Reviewed by: ororama
Date: 03/01/2013

The Road Home is a nostalgic look back at Chinese village life in the 1950s. It appears to subtly criticize the political crackdown which followed the Let One Hundred Flowers Bloom period, but is primarily a love story.

A son returns from the city for his father's funeral, and learns the story of his parents' love affair. Zhang Ziyi does a fine job as the mother in her youth, ably conveying strength and determination, and Zheng Hao is her equal, convincingly conveying idealism and sincerity as a young schoolteacher assigned to a small village where he will spend the rest of his life. Their courtship advances slowly, as she signals her interest by cooking for him and being in places where she can see him as he passes, and he indicates that he shares her feelings by returning to her frequently for his meals, rather than dividing his time equally between the women of the village. Sun Hong-Lei is solid as the dutiful son prepared to honor his mother's devotion to traditional ways, even though he holds more modern views.

The Road Home is an essentially conservative work, telling an old-fashioned love story and honoring traditional Confucian values. Director Zhang Yi-Mou crafts a movie that progresses slowly but is worth the time, capturing the beautiful scenery of rural China and the beautiful spirits of his protagonists.


Reviewed by: ewaffle
Date: 07/13/2010

"The Road Home" has a lot in its favor: Zhang Yimou lavishing his loving camera work on a new female star; a heart tugging story of love won, lost and won again; Zhang's extraordinary use of a limited palette of colors that makes a glimpse in the distance of a bit or red or pink flash like lightning across the night sky and his uncanny ability to get just the right performance from a varied group of actors. It looks great, has a simple and uncluttered screenplay and even has a happy ending.

It is Zhang Ziyi's first role. She is given real star treatment and shows that she deserves it. Zhang Yimou lights and frames her close-ups and medium shots like they were portraits by Frans Hals. To make sure that no one misses his painterly approach he underlines it when he has the voice over narrator that the first time he went to Di's home and saw her framed in the doorway it was like looking at a figure in a fine painting.

There are two "roads home": one is the road that the coffin bearing the body of Luo Chang Yu, the revered local teacher who died at another village while raising money to rebuild the school. According to ancient traditions, which Zhao Di, his widow, insists must be followed, the coffin must be carried by men walking the entire distance from where he died to his home village. It is a link with the past and with her husband; the superstition to which she clings is that he must be carried or his spirit won't know the way home. The other is the road traveled by Luo Yusheng, his son, when he comes from the city to the tiny village and does honor to the memory of his father and the wishes of his mother.

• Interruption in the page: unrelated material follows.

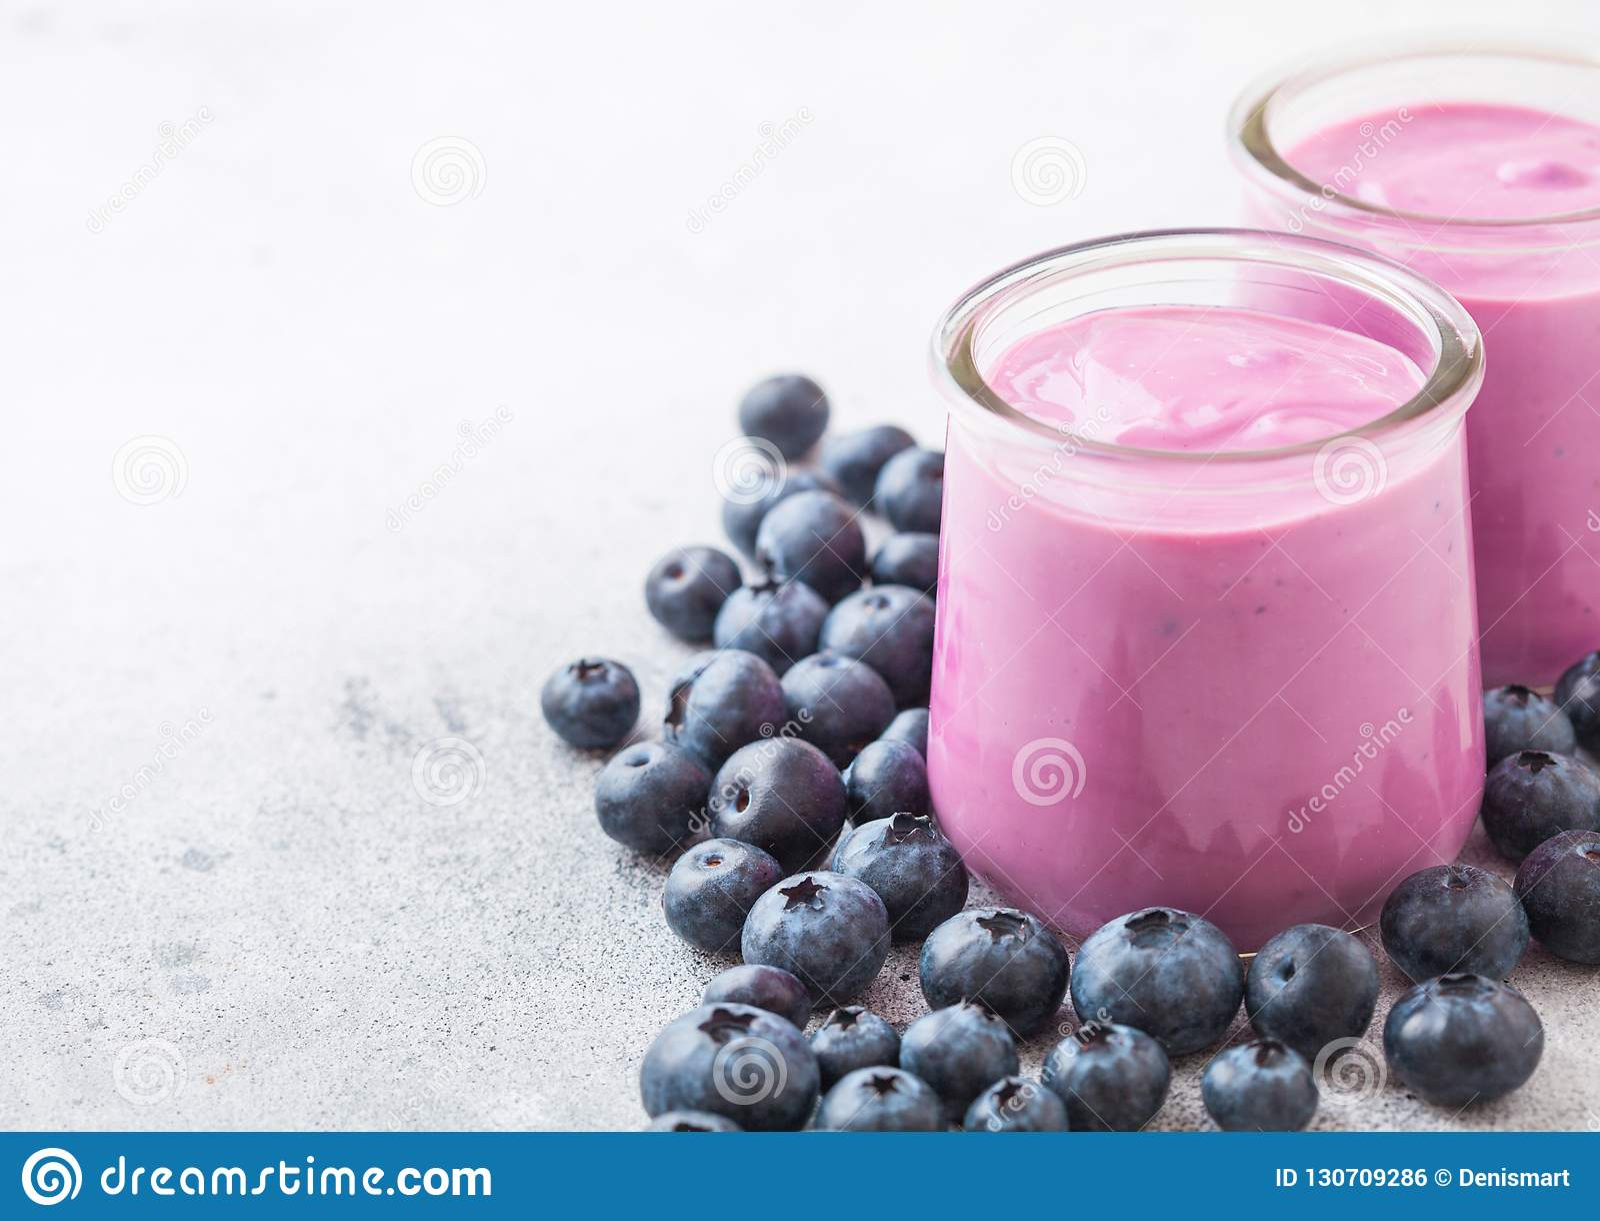 Fresh hommemade creamy blueberry yoghurt with fresh blueberries on stone kitchen table background

The arrival of Luo Yusheng, the discussion with the village elders of the burial plans and his coming to terms with his mother and her memories form the first half of a framing story. The second half is the funeral procession itself, the burial and Luo Yusheng realizing how much his father meant to the men and women of the village. While it seemed there wouldn't be enough men to carry the coffin and bearers had to be hired from the next village over 100 of Luo Chang Yu's former students showed up in a snowstorm to accompany him on his final journey.

The story within the frame is the arrival of Luo Chang Yu in the village decades before and the very hesitant but determined courtship between Luo and Zhao Di, considered by all to be the most beautiful girl in the area. It is a lovely story told very well with just enough suspense (will Luo be allowed to stay in the village by his superiors? will Zhao Di ever find the hair-clip she lost, one that he gave her before he left for his appointment in the city?) to keep things going.

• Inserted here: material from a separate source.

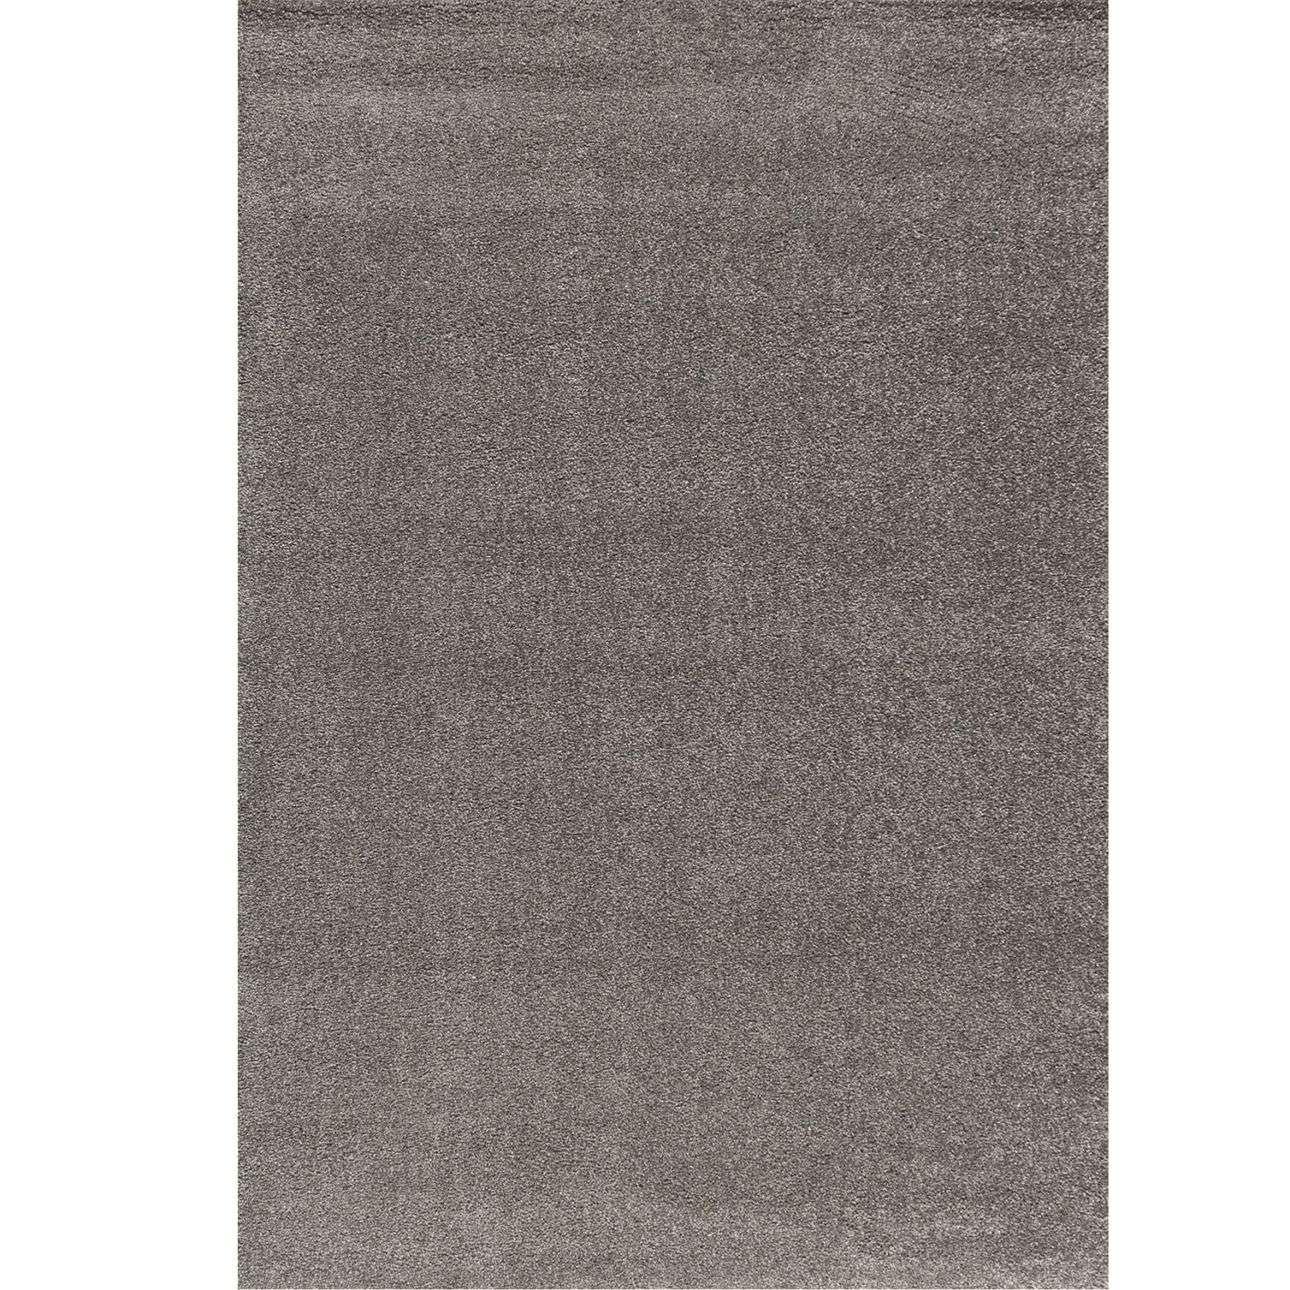 Dywan Deluxe Grey/silver 160x230cm  160x230cm

Zhang Yimou shows his usual technical mastery--there is a crane shot of Zhang Ziyi running along the side of a hill that begins at the 31:00 mark that goes from "that is a nice shot" to "how did he do that and where did he build the crane platform" in a few seconds.

My difficulty with "The Road Home" is that Zhang Yimou set it in 1958-1960 during the Great Leap Forward. While no one expects movies to be historically accurate neither should they be anachronistic to this extent. The idyllic nameless hamlet where it takes place could not have existed during the economic dislocation and famine of that period. It would be as if an American movie set in Oklahoma in 1933 and missing the Dust Bowl. "Judou", a great movie by Zhang Yimou, sends a big gushy valentine to the justice system in the PRC. "The Road Home" is a much lesser effort but is more pernicious--Judou, as played by Gong Li, is actively engaged in getting redress for her husband who has been injured by a brutish local official. Zhao Di and Luo Chang Yu fall in love during a time of horrible social dislocation and mass death but it never shows up onscreen.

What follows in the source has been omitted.